What are group functions?
Group functions, or g_functions, are a powerful specialized tool used to perform aggregation operations on rows that have the same values in a given set of columns. With group functions, aggregated and detailed information live together in one place so you can compare individual row data with summarized data.
How can I get started with group functions?
See the quick reference, Popular Time Series Functions for a list of group functions and examples of how they’re used. Try these with your own data. Start with summarization functions, then experiment with other types. Remember, you are always working with a copy of your data, so explore.
What operations can be used with group functions?
Use the Expression Editor to enter group functions with Filter and New Column operations.
What do I need to know before using a group function?

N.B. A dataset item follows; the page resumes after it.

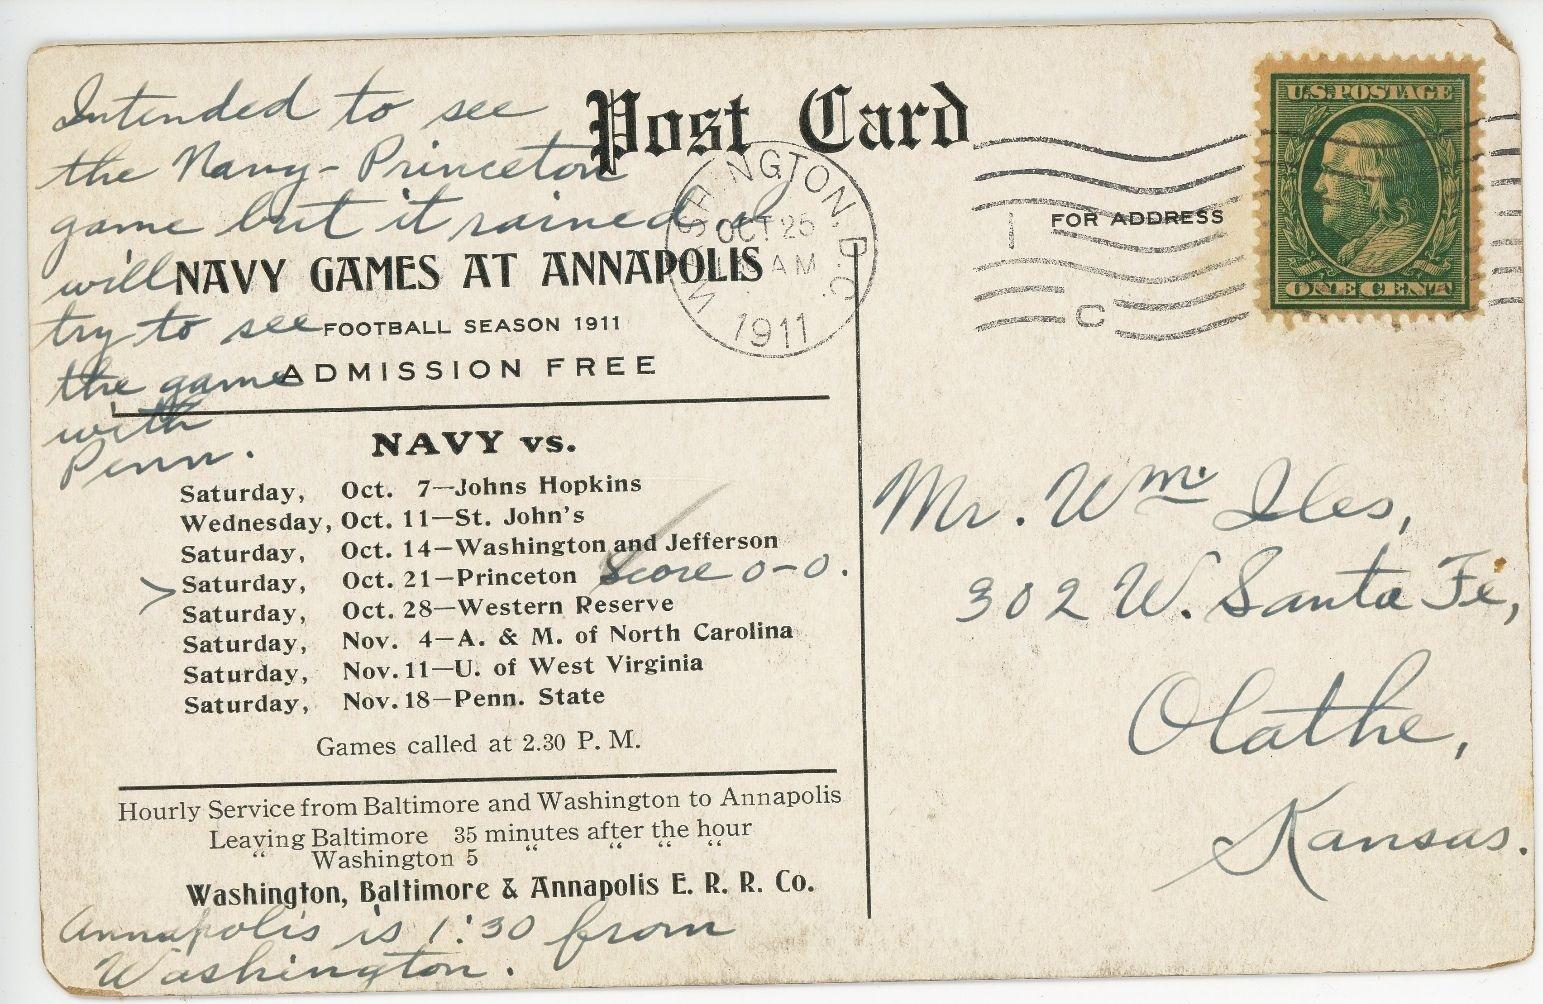 Washington-Baltimore-and-Annapolis-Railroad-Postcard-3-2.jpg
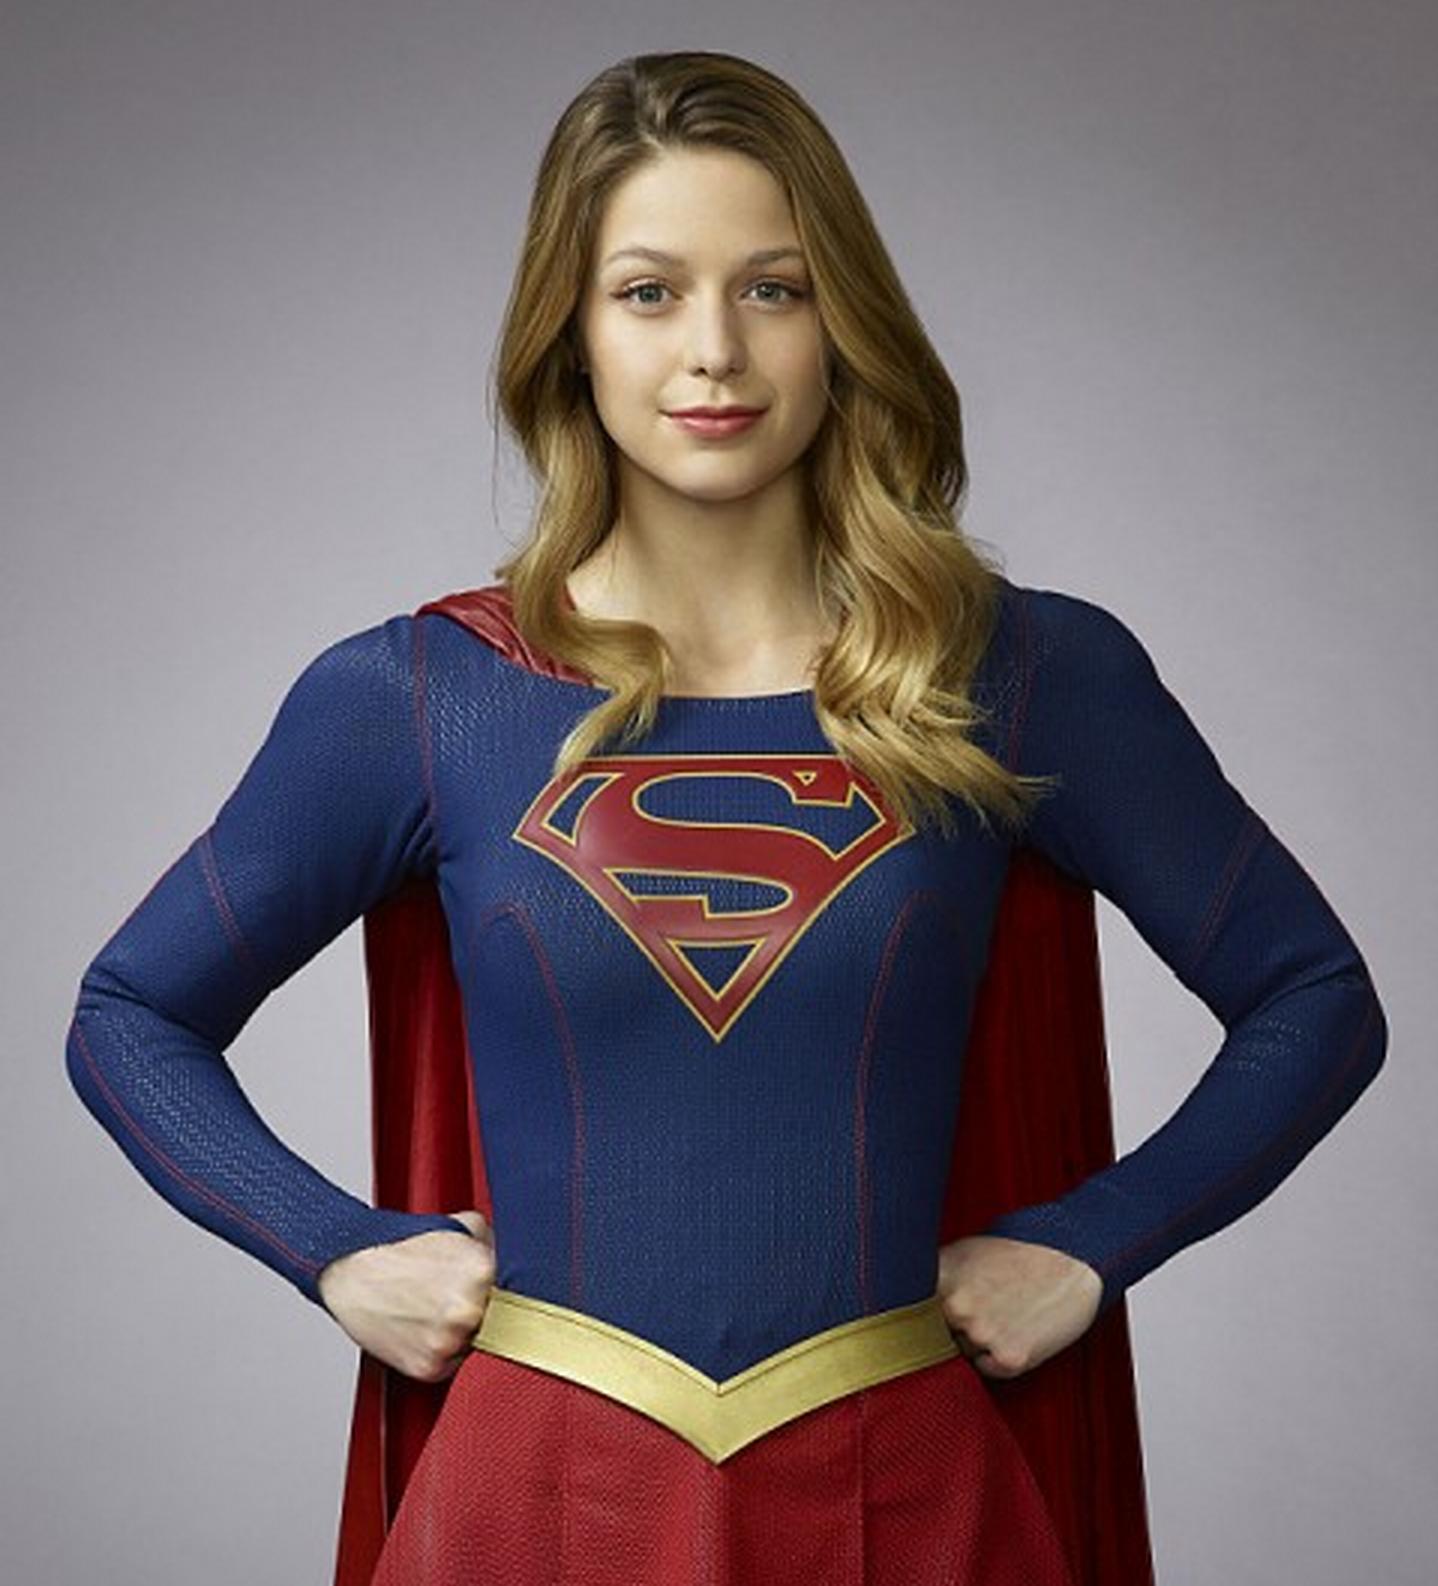 fotos de supergirl imagenes de la serie de supergirl gratis. Black Bedroom Furniture Sets. Home Design Ideas

Tables of 8 million rows or less do not need to be segmented. Tables with more than 8 million rows must be segmented before you can use group functions. From the View dropdown in the Data Grid, check the metadata. This information lets you know if a table is segmented and which column(s) must be included in the G, or group, parameter.
The table segmentation I have doesn’t provide the group I need. Can I change how a table is segmented?
Yes, you can adjust how a table is segmented. For example, analytics on retail transaction data may need to be grouped by date in some analyses, and location in others. Consider creating copies of the table with different segmentations to support efficient analyses. You can also adjust segmentation when you save a worksheet as a table.
What group functions does DSCVR offer?
DSCVR offers many different group functions including summarization, statistics, time and order, conditional, modeling, matrix, and signal processing. For a list of group functions, see the Function Reference.